We recognize the importance and laud the efforts of firemen in our society.
Indeed, the nature of their job requires them to be always on alert, like
soldiers and police officers, and to respond to fire alarms which may occur
anytime of the day. Be that as it may, the circumstances in the present case
do not call for the application of Hinoguin and Nitura. Following the
rationalization in GSIS, the 24-hour-duty doctrine cannot be applied to
petitioner's case, because he was neither at his assigned work place nor in
pursuit of the orders of his superiors when he met an accident. But the more
important justification for the Courts stance is that he was not doing an act
within his duty and authority as a firetruck driver, or any other act of such
nature, at the time he sustained his injuries. We cannot find any reasonable
connection between his injuries and his work as a firetruck driver.

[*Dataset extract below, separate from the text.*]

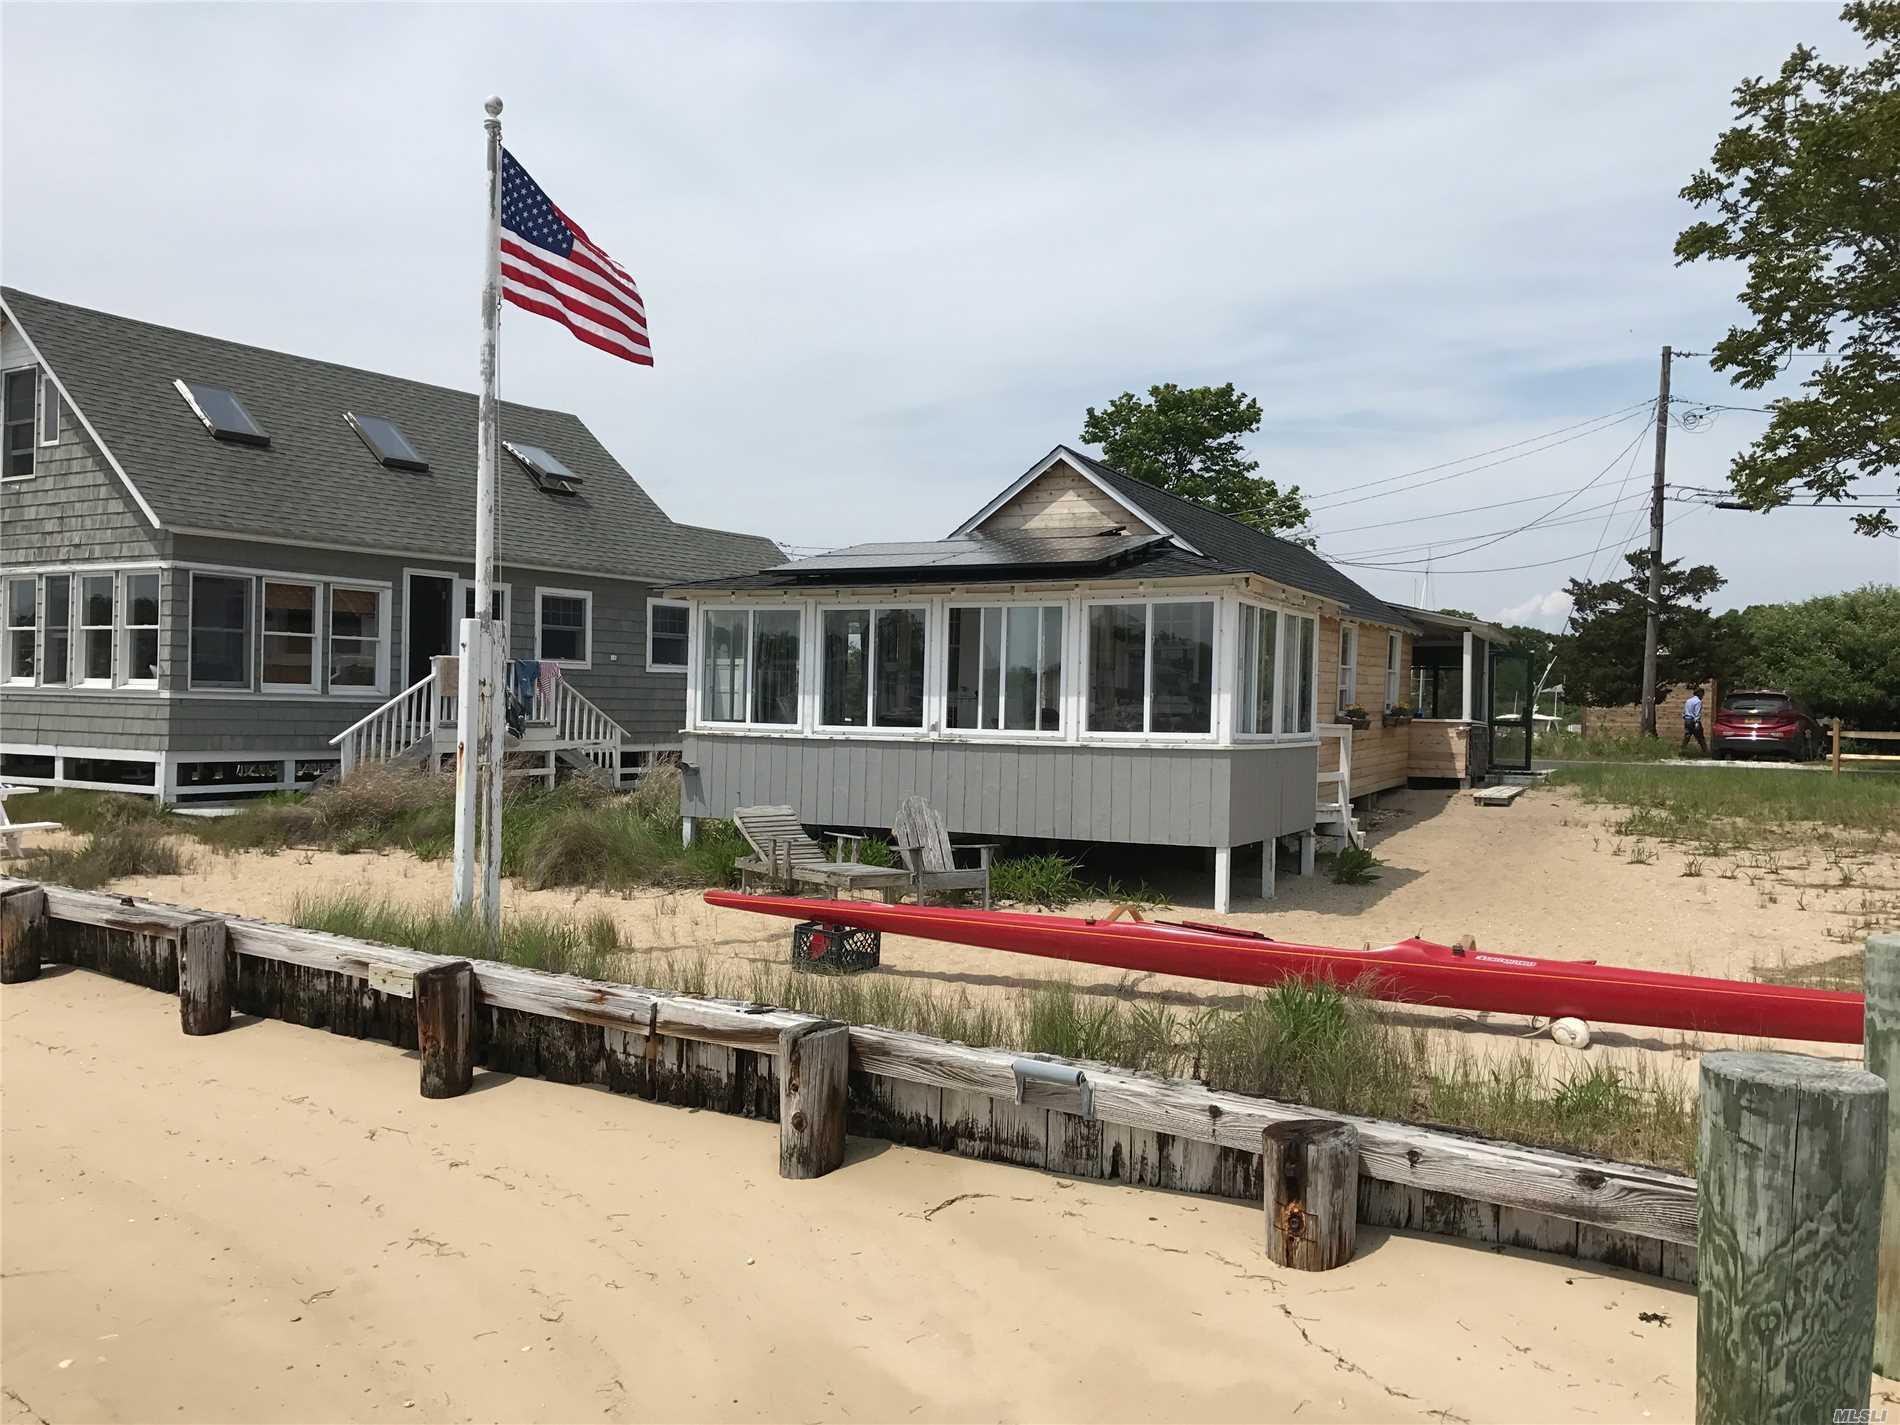 24 Beach Rd - Greenport, New York

While we sympathize with petitioners plight, we cannot grant his Petition.


True, the policy is to extend the applicability of Presidential Decree No. 626 to
as many qualified employees as possible, but this must be balanced by the
[22]

equally vital interest of denying undeserving claims for


compensation. Considering the circumstances in petitioners case, he cannot
[23]

be deemed qualified for disability benefits under the law.

WHEREFORE, the Petition is hereby DENIED and the assailed Decision of


the Court of Appeals AFFIRMED. No pronouncement as to costs.

SO ORDERED.

Melo, (Chairman), Purisima, and Gonzaga-Reyes, JJ., concur.

Vitug, J., abroad on official business.